GOP Senator Mitt Romney of Utah acknowledged the goal of preventing panic when markets open Monday, but expressed concern about what would happen if action by federal regulators was not enough to stop further bank runs by Sunday evening.
Meanwhile, South Carolina Senator Tim Scott, a Republican on the Senate banking committee and a possible GOP presidential nominee, warned Sunday night against “building a culture of government intervention.”
“Building a culture of government intervention will not prevent future institutions from relying on government to get in after taking excessive risks,” Scott said in a statement. “I remain committed to accountability and responses to the American people, both from the banks and our regulators. We deserve to know exactly what happened and why.”
And ahead of the Biden administration’s extraordinary announcement on Sunday night, the collapse had sparked a bailout debate in Washington as lawmakers assessed the fallout.
California lawmakers unanimously agreed that the government should help find a buyer for the bank rather than bailing it out, two sources familiar with the Treasury Department’s briefing with them on Sunday told CNN. Punchbowl News first reported the Treasury’s briefing with the California delegation.
“Our first and foremost concern must be with the affected workers and their paychecks,” California Democratic Representative Adam Schiff told CNN in a statement.

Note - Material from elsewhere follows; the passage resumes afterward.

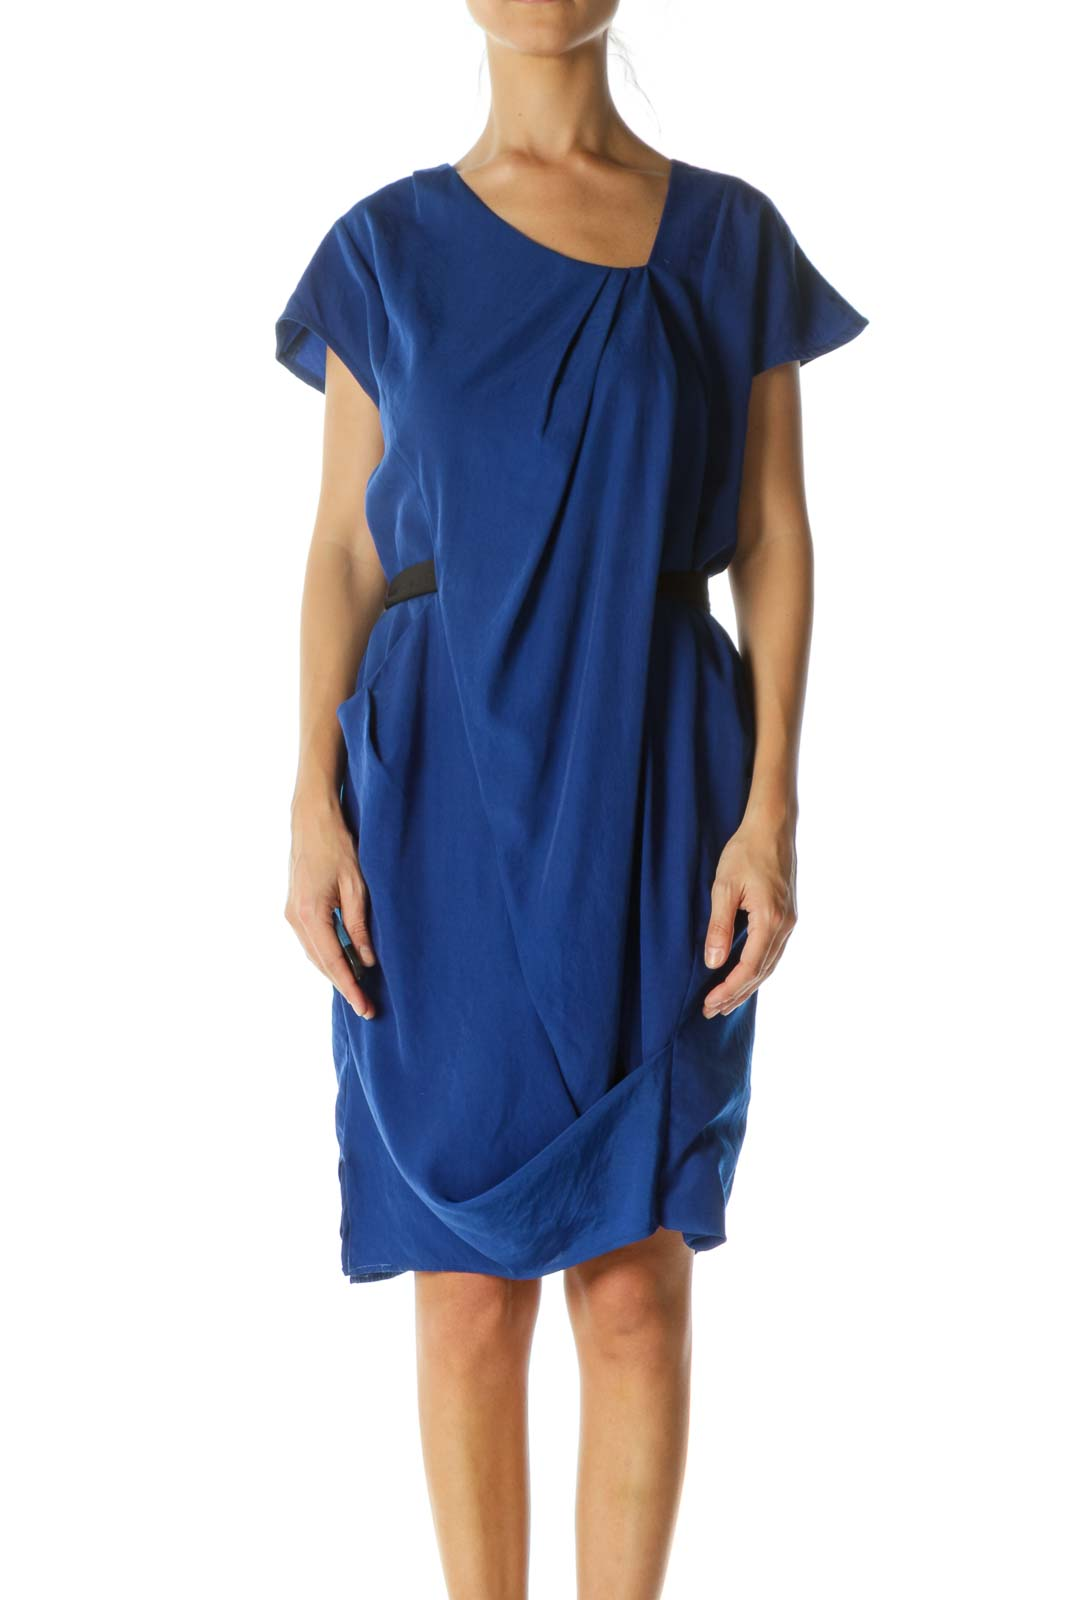 Blue Asymmetric Waist Tie Day Dress Front
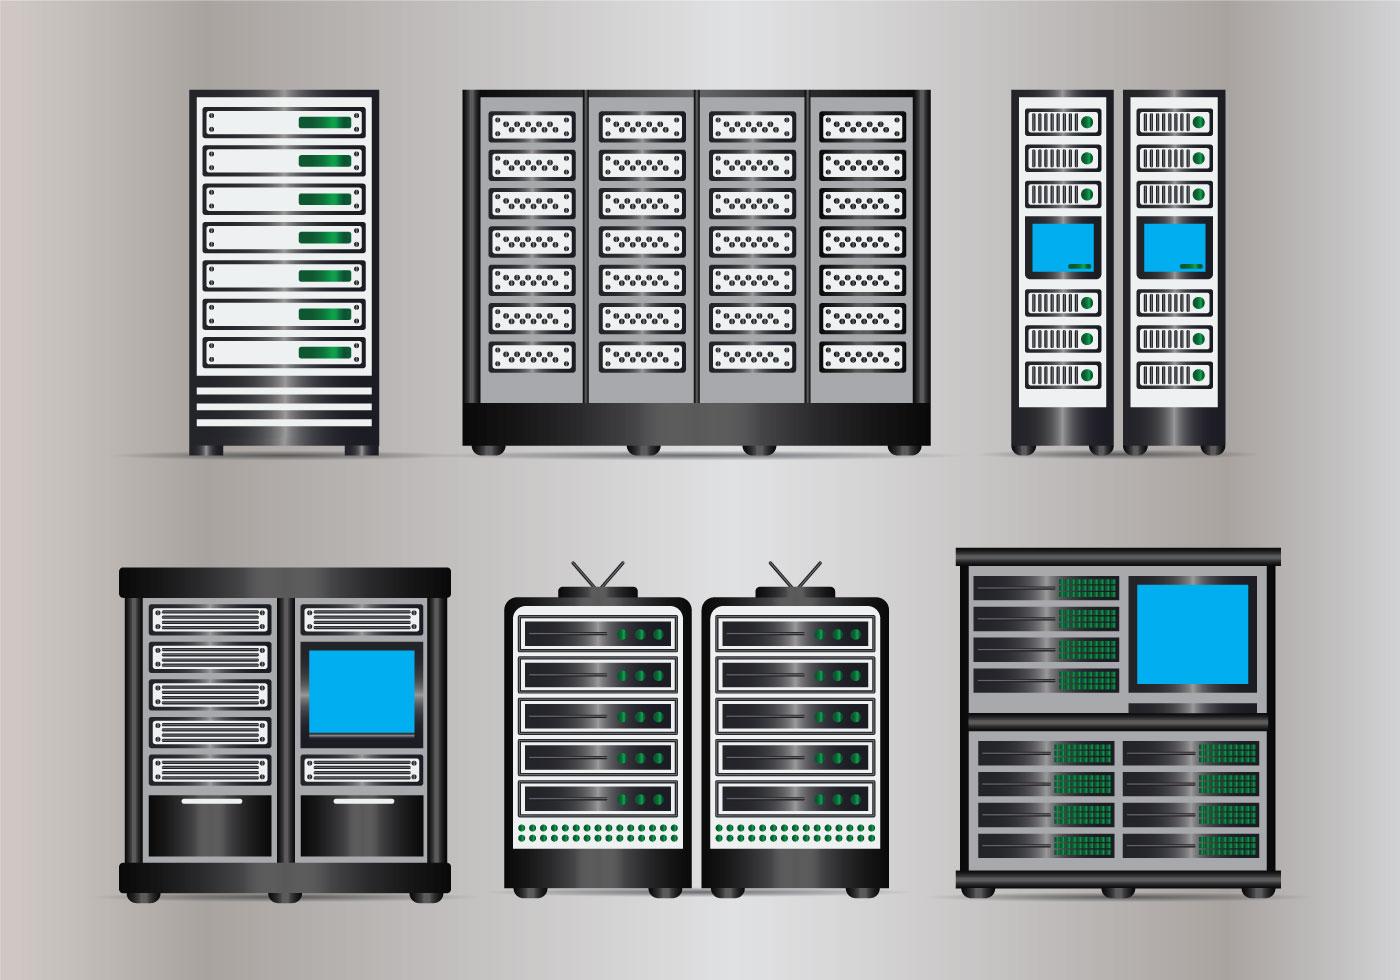 server rack vector - download free vector art, stock graphics & images

South Carolina Republican Representative Nancy Mace told Collins in a separate “State of the Union” interview that she did not support a bailout “at this point,” but cautioned, “It’s very early days.”
“We cannot continue bailing out private companies because their actions have no consequences. People who make mistakes or break the law should be held accountable in this country,” she said.
Democratic Representative Ro Khanna, who represents much of Silicon Valley, said the Treasury Department needs to be more aggressive in making sure all savers at SVB have access to their money.
“The principle should be that all depositors are protected and have full access to their accounts by Monday morning,” Khanna told CBS News. Khanna also made it clear that investors and shareholders in SVB, headquartered in his district, should not be bailed out.
“I have no sympathy for the executives, no sympathy for the people who own shares there. But savers are protected,” he said.
Kevin Cramer, a member of the Senate banking committee, said he hoped the collapse of the SVB is “very local and we can handle it that way.”
“The problem is that we live in a very emotional time, where markets are emotional. The reference to social media as an accelerator, if you will, of some of that emotion, I think, can be problematic,” the North Dakota Republican told NBC News. “But I hope that the weekend brought some rest and certainly some strategy.”
This story and headline have been updated with additional reporting.